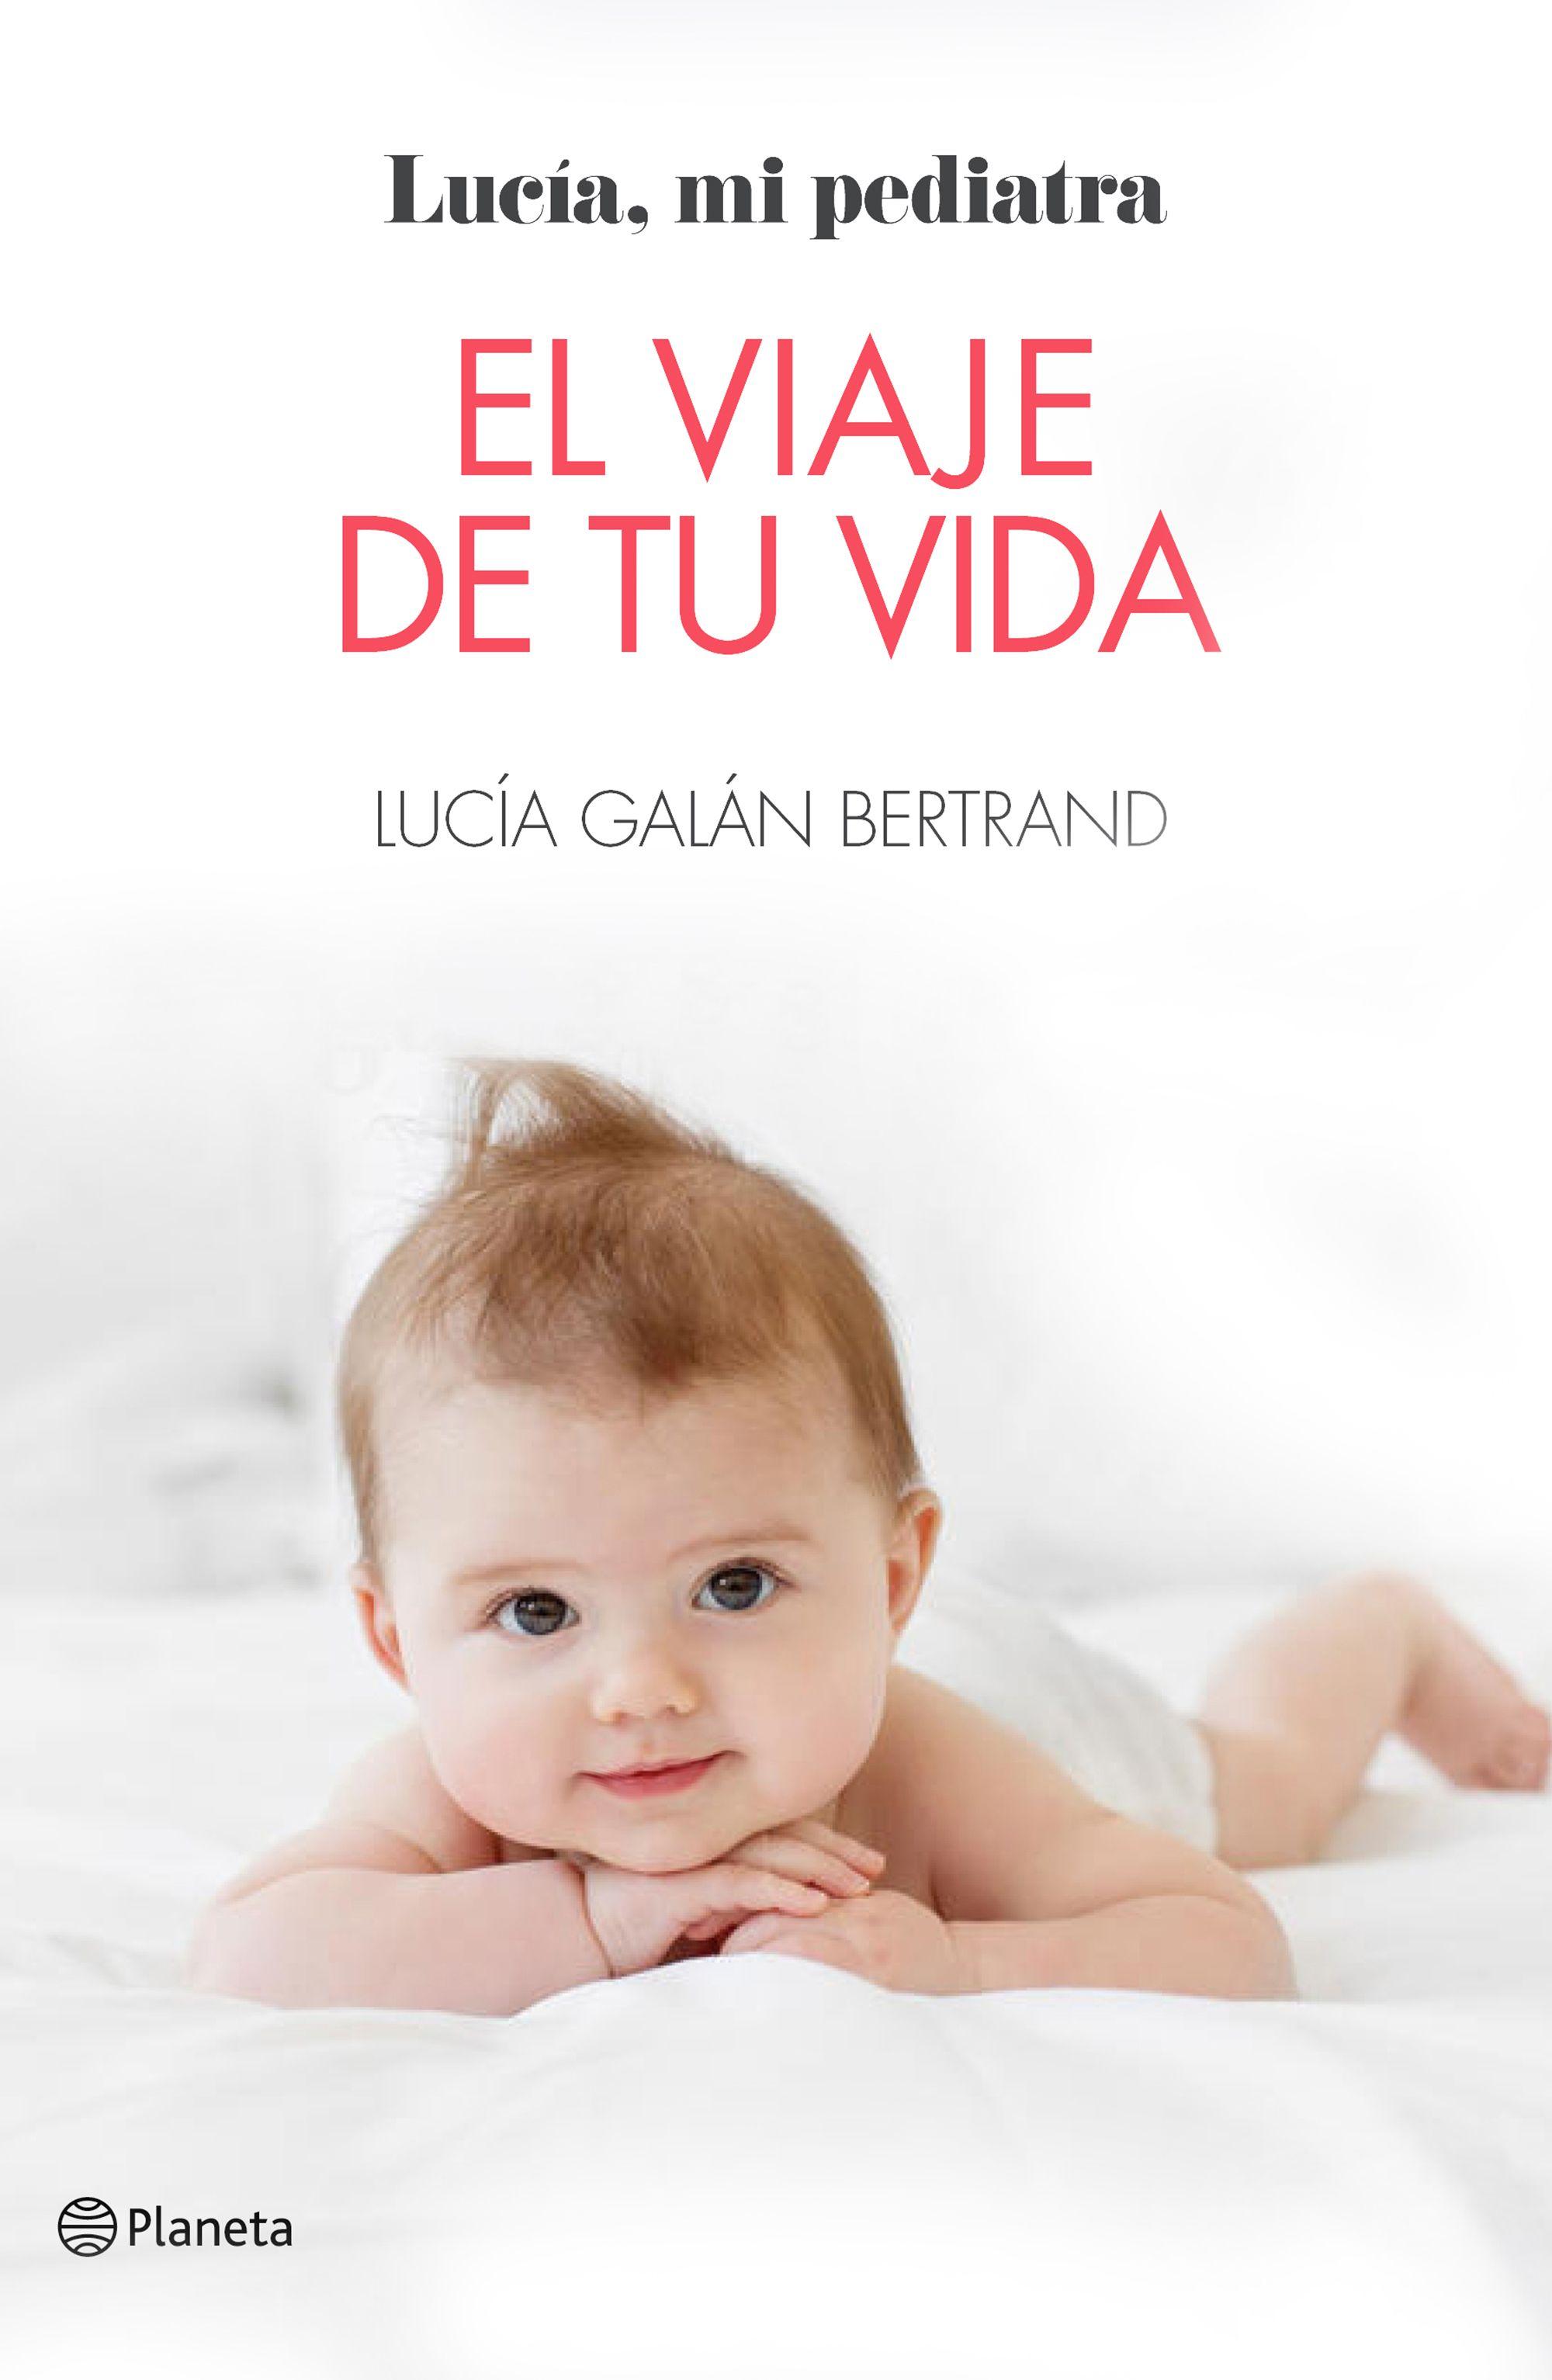 b8a4bba933 Próximos talleres y conferencias en España AQUÍ.
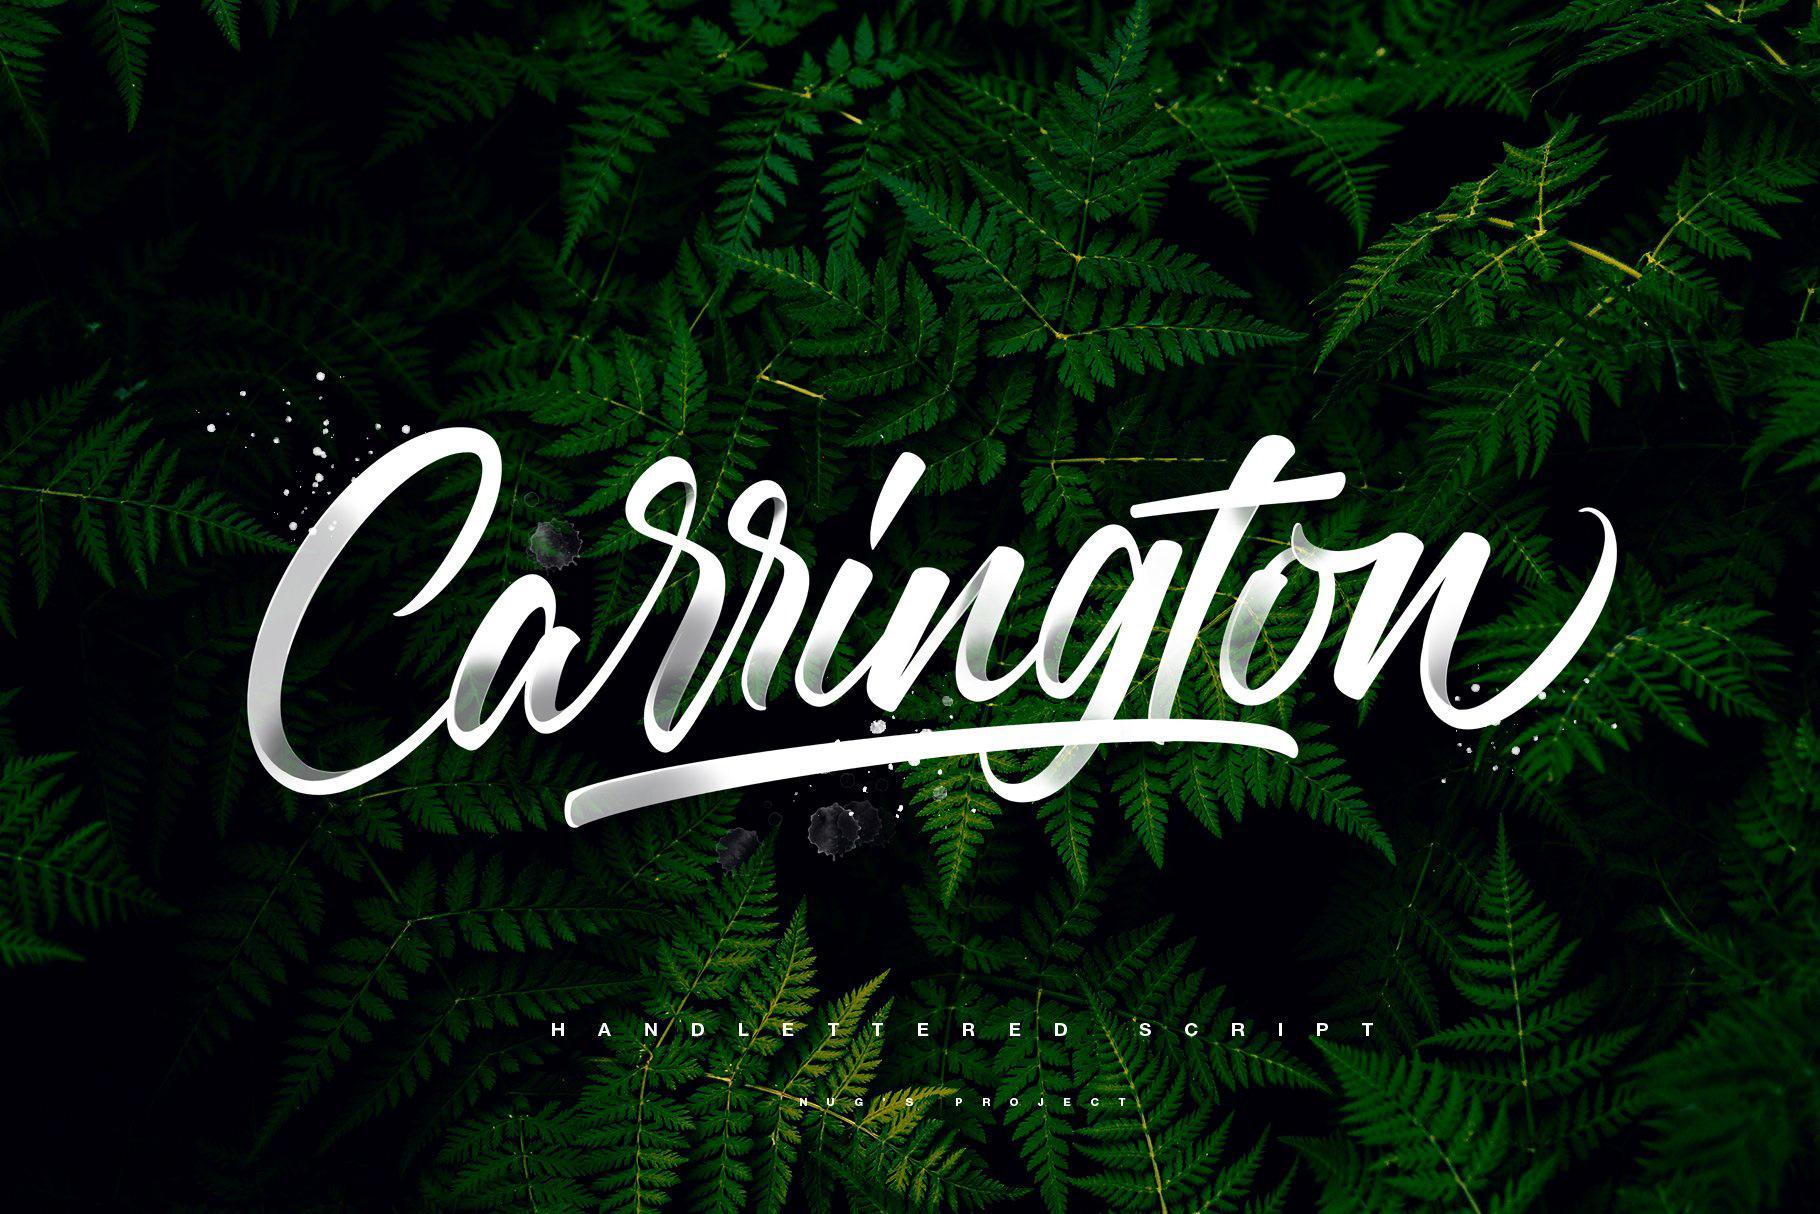 Carrington Free Font - sans-serif
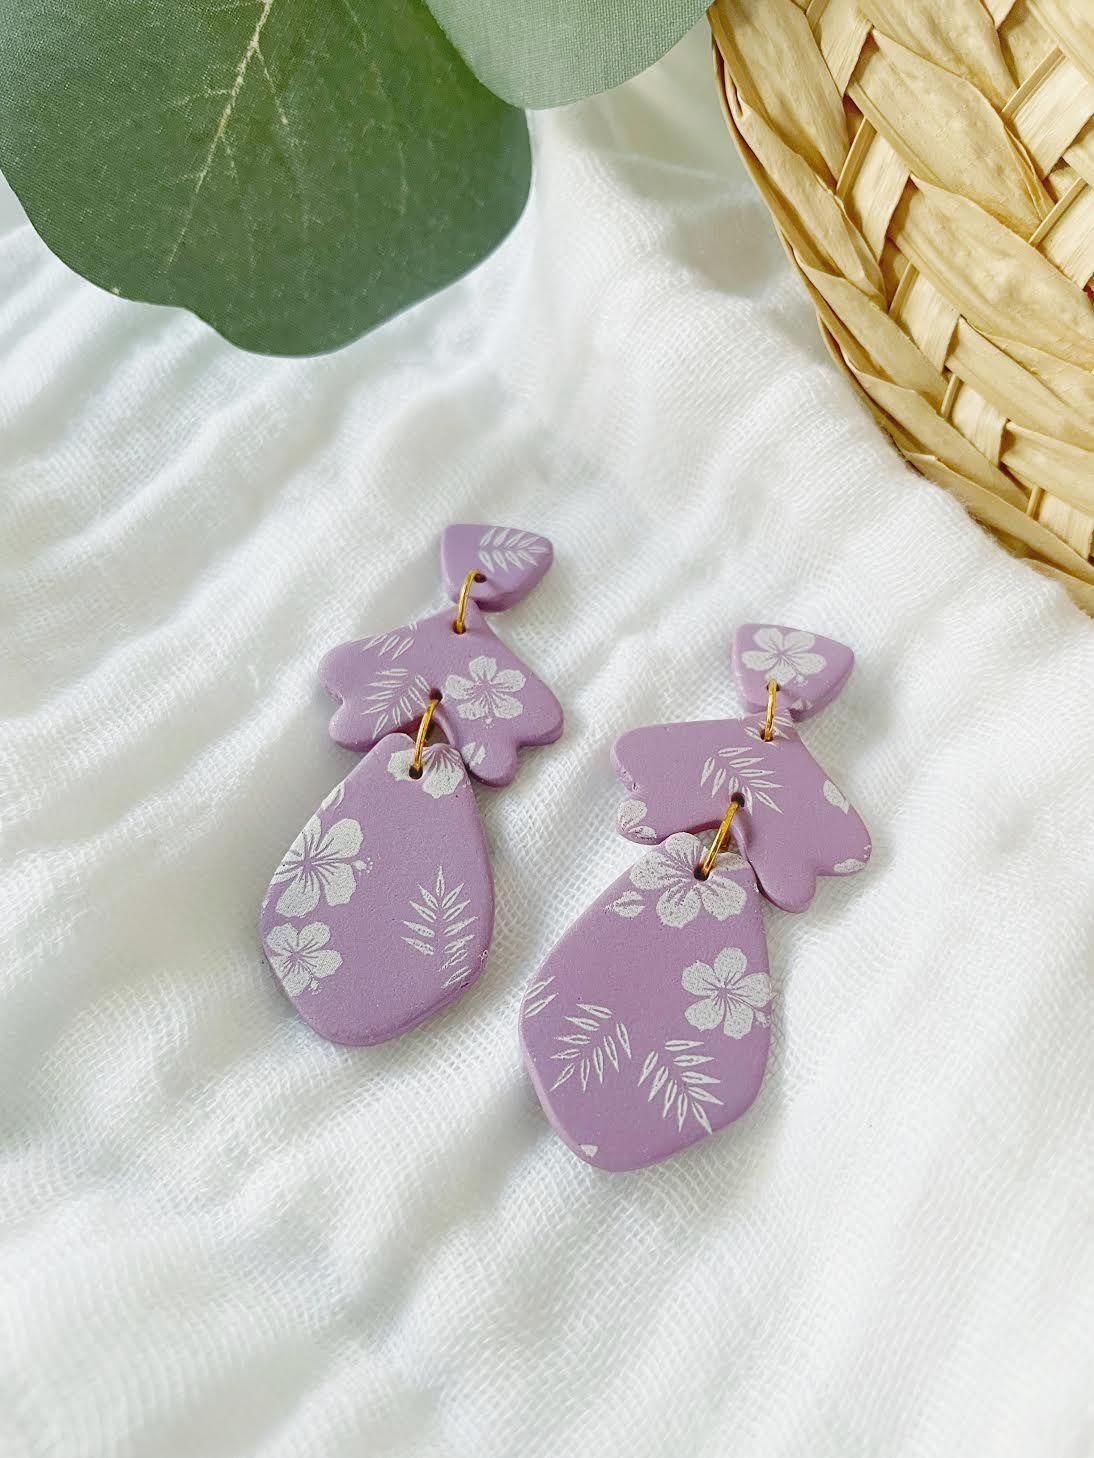 Hibiscus Clay Drop Earrings – Adult Drop / 18K Gold
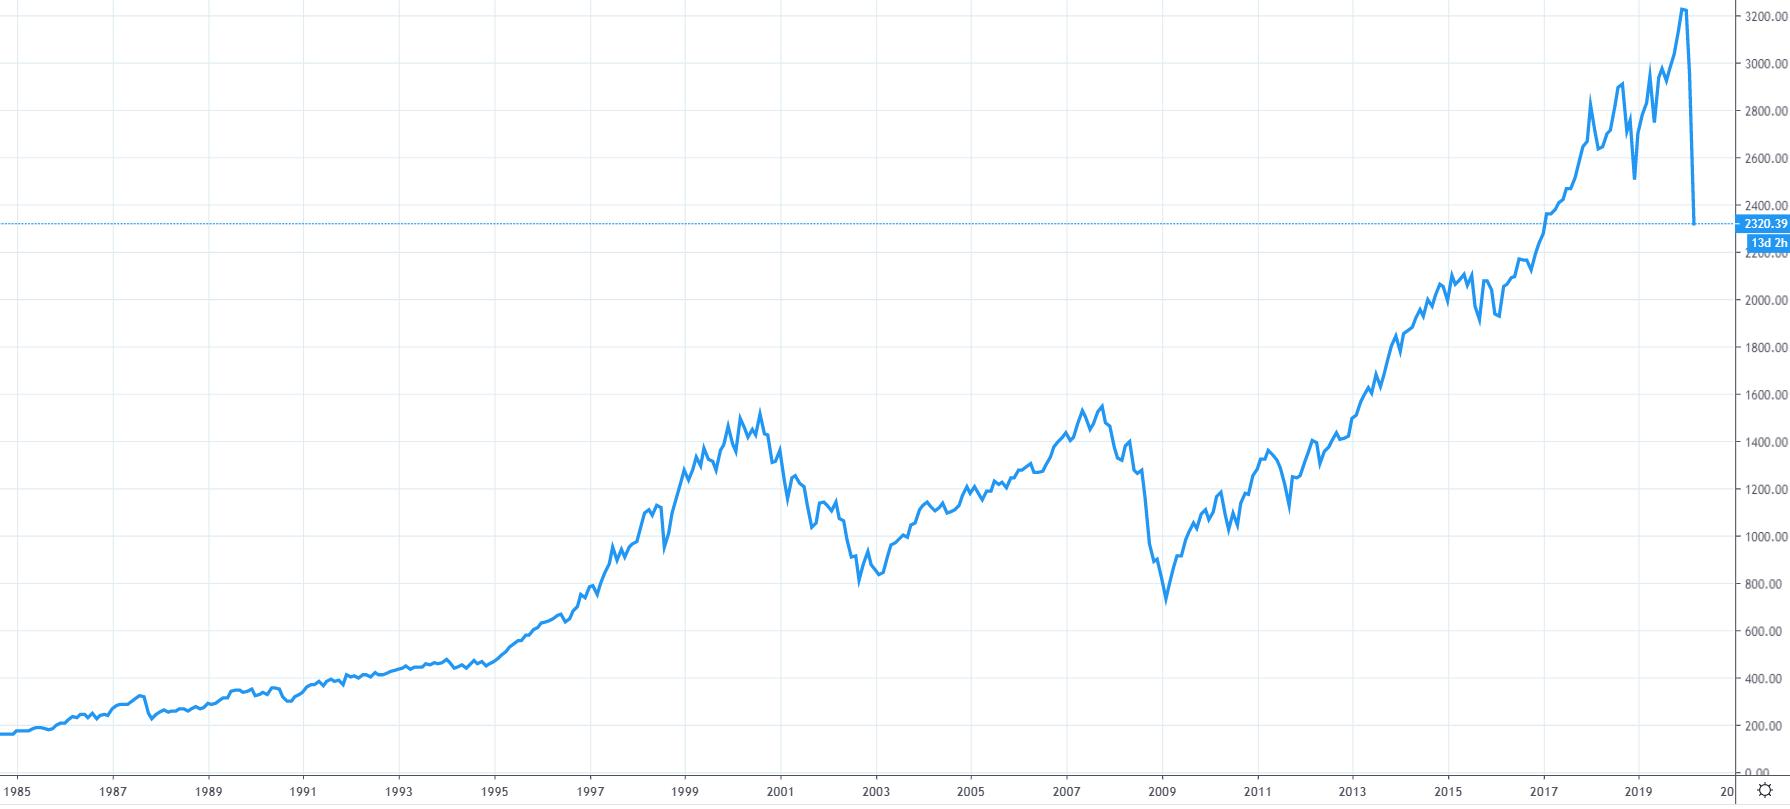 Graf indexu S&P 500

WHAT THIS TASK INVOLVES → Write out the lines of the material from the one containing "Carrington Free Font - sans-serif" through the last, exactly and only those. Leave every picture out.

OUTPUT →
 Carrington Free Font - sans-serif
 Hibiscus Clay Drop Earrings – Adult Drop / 18K Gold
 Graf indexu S&P 500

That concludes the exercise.